To eliminate useless, malicious and spam comments, I moderate comments submitted to Disappeared News. So none of these comment factory spams get through, but it is very annoying.
Here’s an example of one of these that came in today:
They’re pretty dumb, but more important: it would be a disservice to readers to let them through. The link could lead to an innocent ad page, or it could download malware into a reader’s computer. The link could be a porn site or some form of fraud. It could change a browser’s home page. You get the point.
I’ve found an easy way to stop them though. So far it works very well.
My regular email is filtered through a program called Popfile which I have used for umpteen years. Blogger sends comments to be moderated via email. So I thought I would see if Popfile could recognize these spam factory comments. It can. Piece of cake. After a very short training (fewer than a dozen messages) it has figured it out.
The classification is done using a naïve Bayes algorithm. In other words, POPFile uses statistics to track which words are likely to appear in which messages. This means that POPFile will adapt to the kind of mail you receive and needs to be trained. Out of the box, it doesn't know anything about spam or how messages from your mother differ from those your friends send you. However, if you train it, it will soon learn how to tell these different kinds of messages apart.
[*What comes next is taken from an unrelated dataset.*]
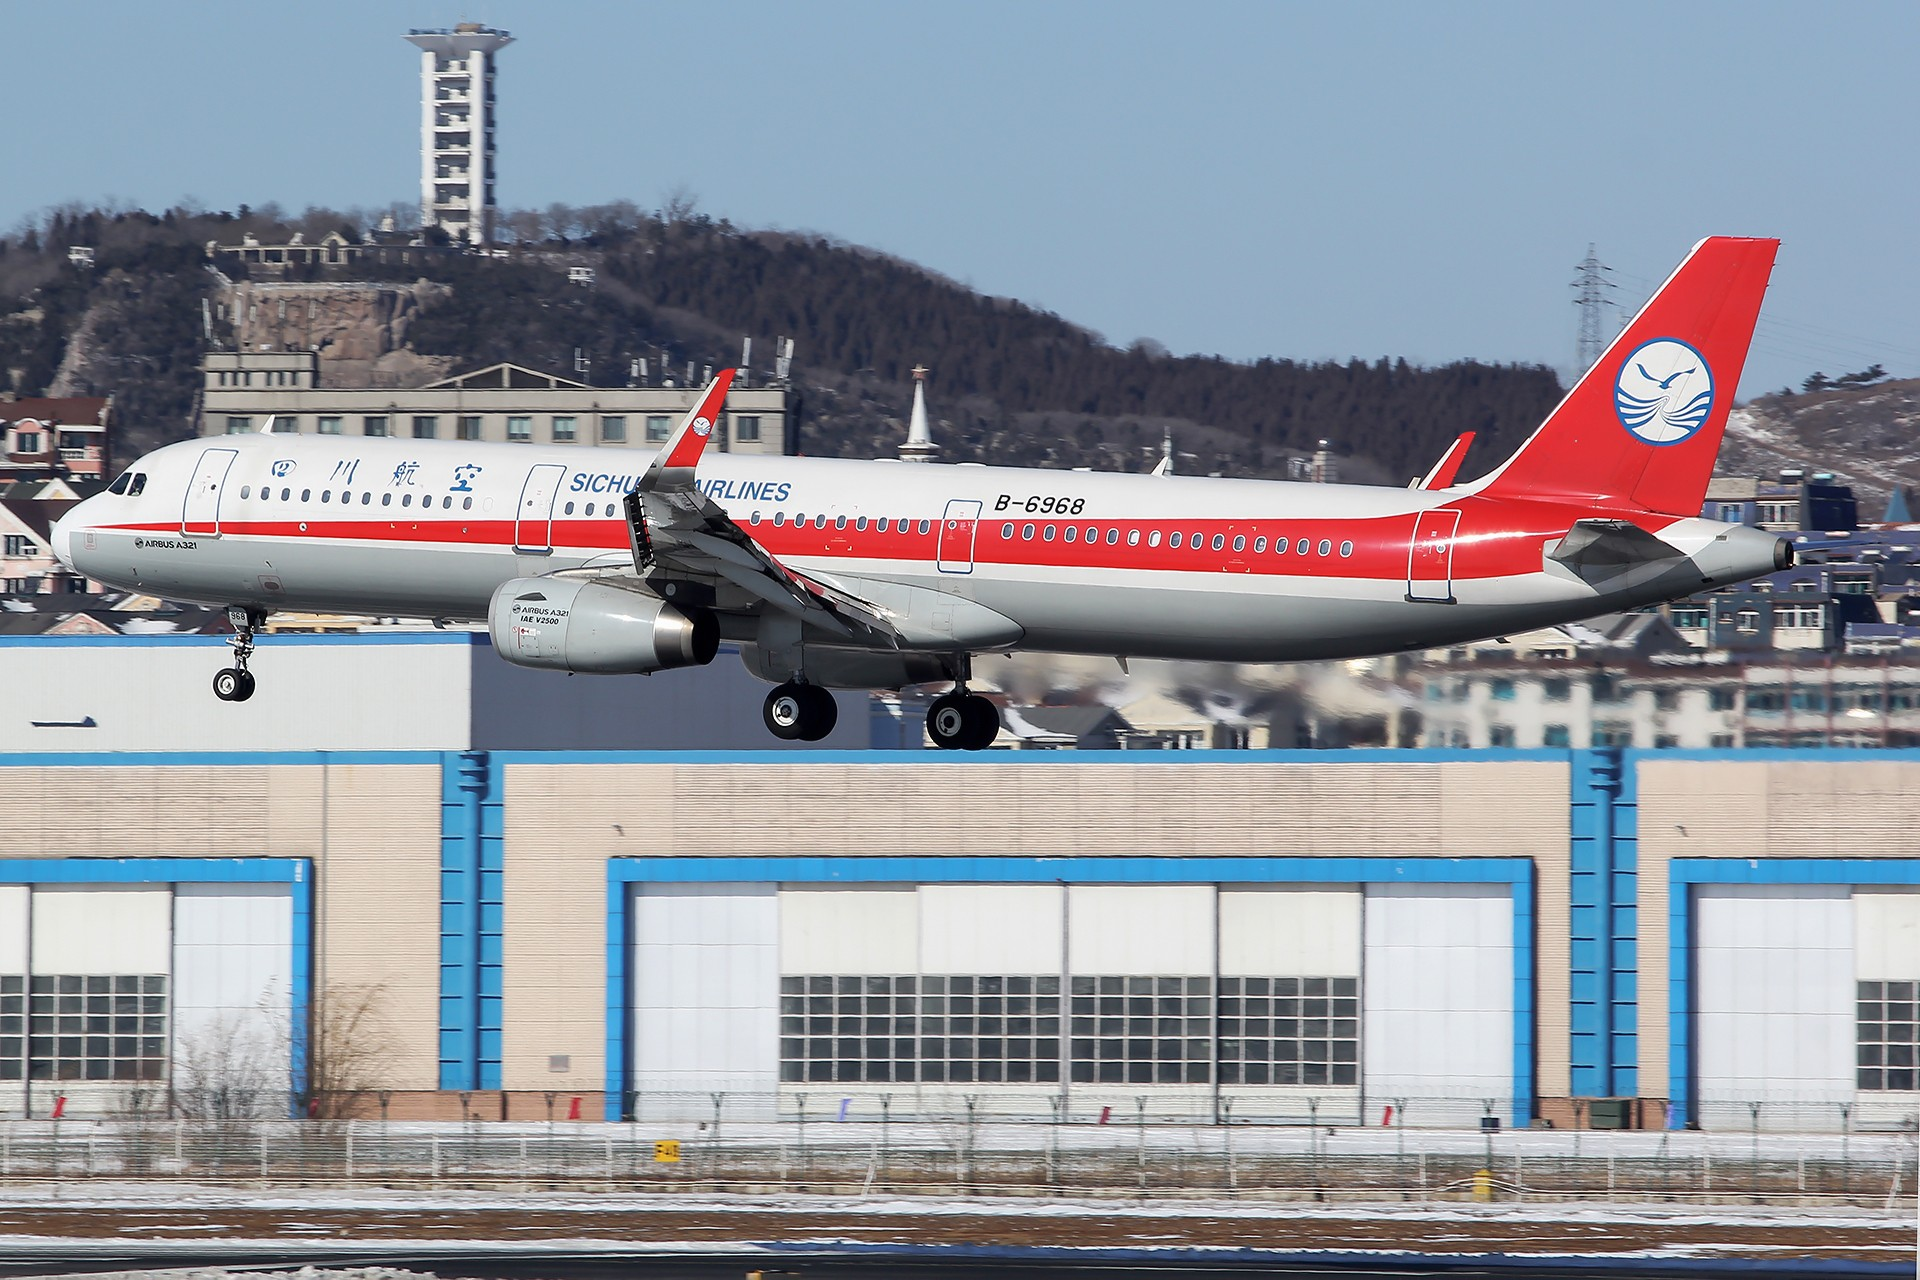 Re:[原创][DLC]。。。雪后天真就这么蓝。。。 AIRBUS A321-200 B-6968 中国大连国际机场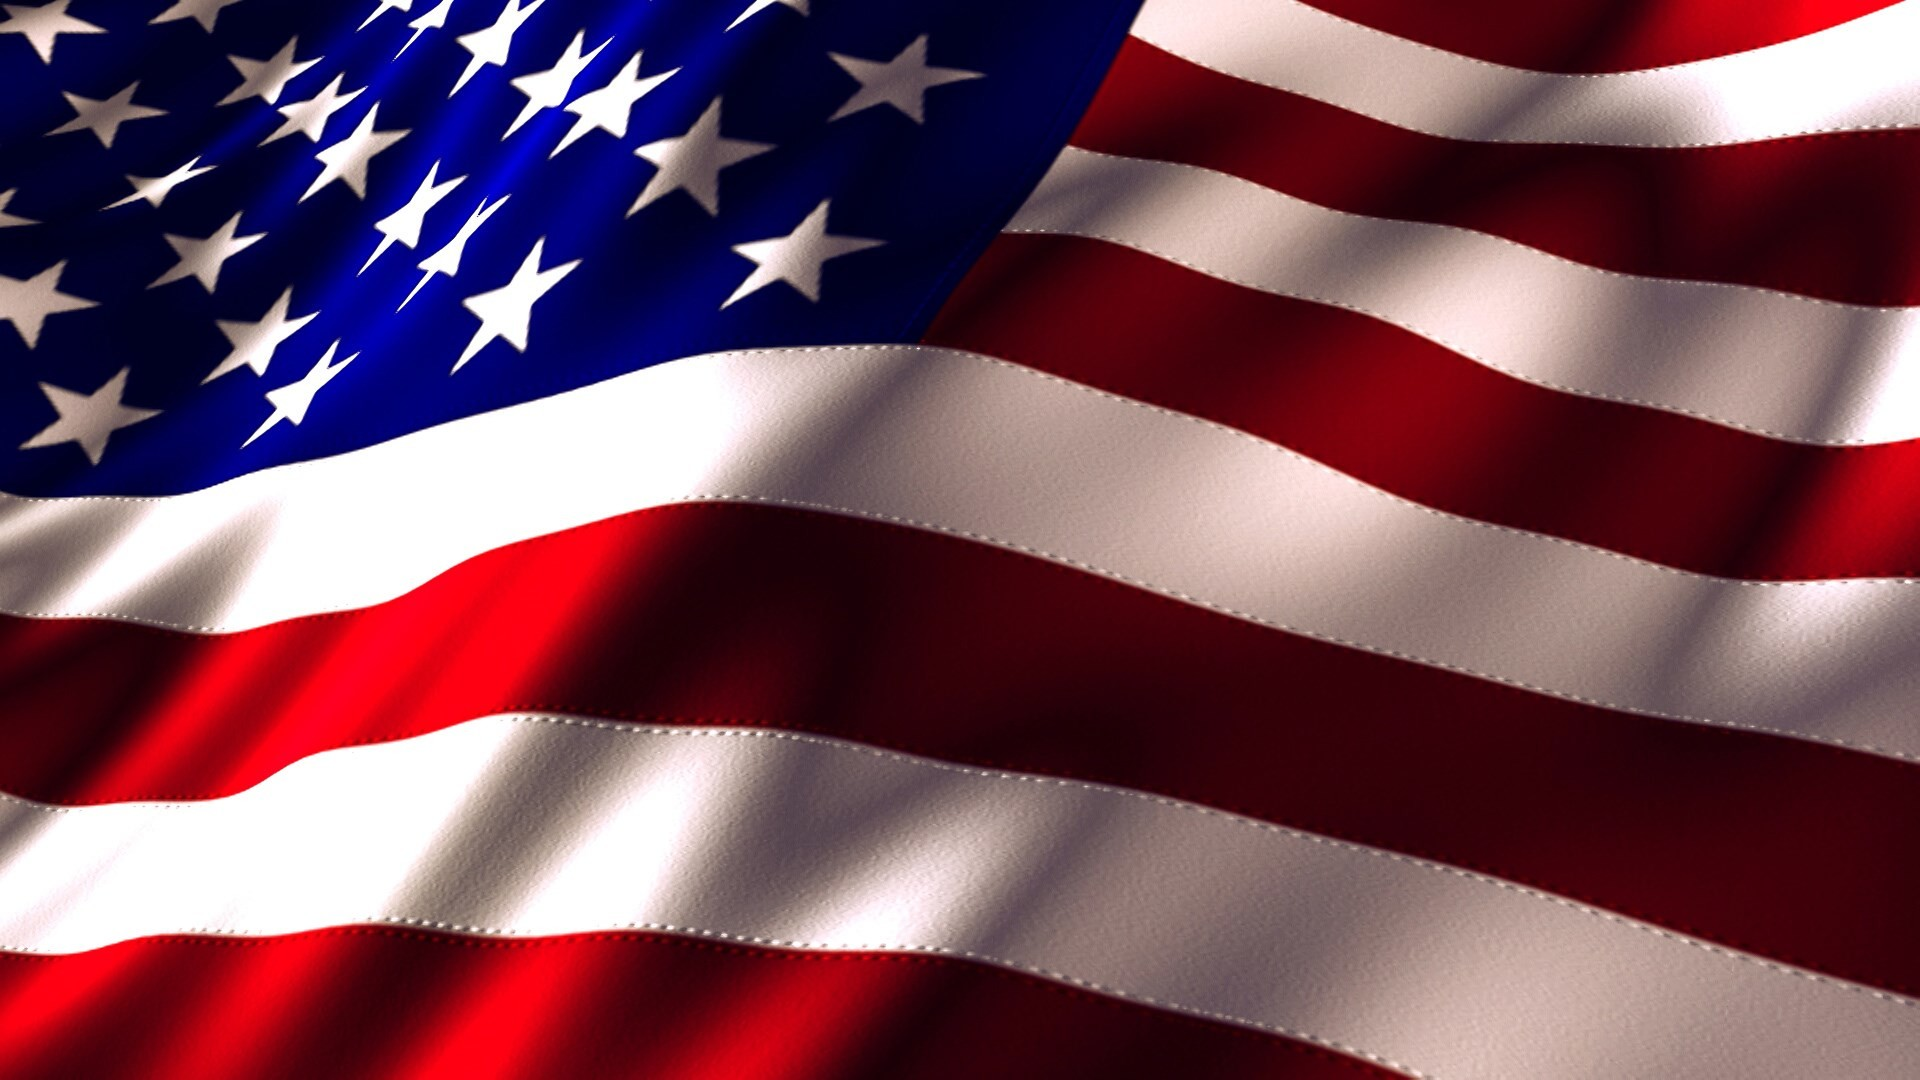 American Flag Wallpaper iPhone

Most of the messages contain flattery or effusive praise, so any spam filter that employs Bayesian filtering should work as well. Popfile is only one example of these programs.
So now I have my spam comments neatly stored in a Spam Comment folder in my email program, and legitimate comments remain untouched.
For me, moderation of comments is essential. I don’t think the crap that is often attached to unmoderated or poorly moderated sites such as many newspaper websites contributes to understanding. Hey—it’s my blog. You’d be surprised that the vitriolic crap that sometimes comes in. And then the author pounds me for being against the First Amendment or insults my mother or something like that.
So if you are a blogger moderating comments via email, see if the spam filter you may already be using can be trained to recognize blog spam. Or try Popfile or one of the other popular filters based on the Bayes algorithm.
Maybe my spammers will see this and go away.
You know, if you were to preview those porn sites you refer to you, and maybe just let through the top 10 links, well, I'm just saying that would be helpful to busy readers.....I mean, as a service.....just saying...